Flatbush-Tompkins Congregational Church is recognized as an important historical and architectural landmark within the Brooklyn community and the City of New York. It has participated in the growth of the community from its rural beginnings up to the current richly diverse community of the twenty-first century.  The neo-Georgian Church, the picturesque and architecturally unique shingle clad Old Church, the stately Parish House, and the handsome neighborhood parsonage are well and prominently sited focal  points in the community. 

Our Church traces its roots back to a group of Congregationalists who held their first meeting in a schoolhouse on Tompkins Avenue near McDonough Street on June 6, 1875 to organize a new Church, the Tompkins Avenue Congregational Church
The immense campanile that dominates the neighborhood is reminiscent of St. Mark's in Venice; brick is everywhere. The building is now home to the First AME Zion Church. Once the nation's largest Congregational congregation, the Tompkins Ave. church was often referred to as “Dr. Meredith's church”, after its well-known preacher.

The Church flourished to the point that many of the members, as well as members of other Congregational Churches in the area felt a new church was needed with a Sunday School that was closer to where they lived.

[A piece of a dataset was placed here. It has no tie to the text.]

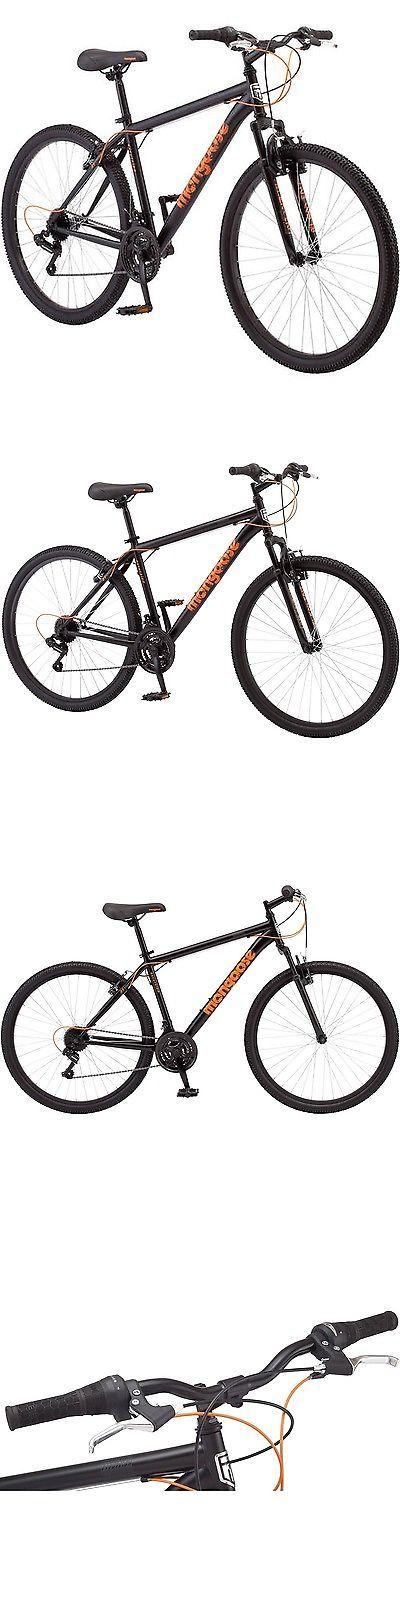 Bicycles 177831: 27.5 Mongoose Excursion Men S Mountain Bike Black Neon Orange -> BUY IT NOW ONLY: $144.25 on eBay!

In the spring of 1899 a home meeting was held which led to the formation of the Flatbush Congregational Church. The first meetings were held in a Masonic lodge on Flatbush Avenue and later in a store, before land was purchased on Dorchester Road. On October 14, 1900 the Flatbush Congregational Church dedicated the first building, Old Churchthe Old Church

Services and Sunday School were held in the Old Church from 1900 until the erection of the current red brick and limestone building fronting on Dorchester Road. The New Church was officially dedicated on October 2, 1910.  

On May 27, 1942 the Flatbush Congregational Church and the Tompkins Avenue Congregational Church voted to merge creating the Flatbush-Tompkins Congregational Church of Brooklyn. During the middle of the 20th century, Flatbush-Tompkins was the largest Congregational Church in the United States, with over four thousand members on the rolls.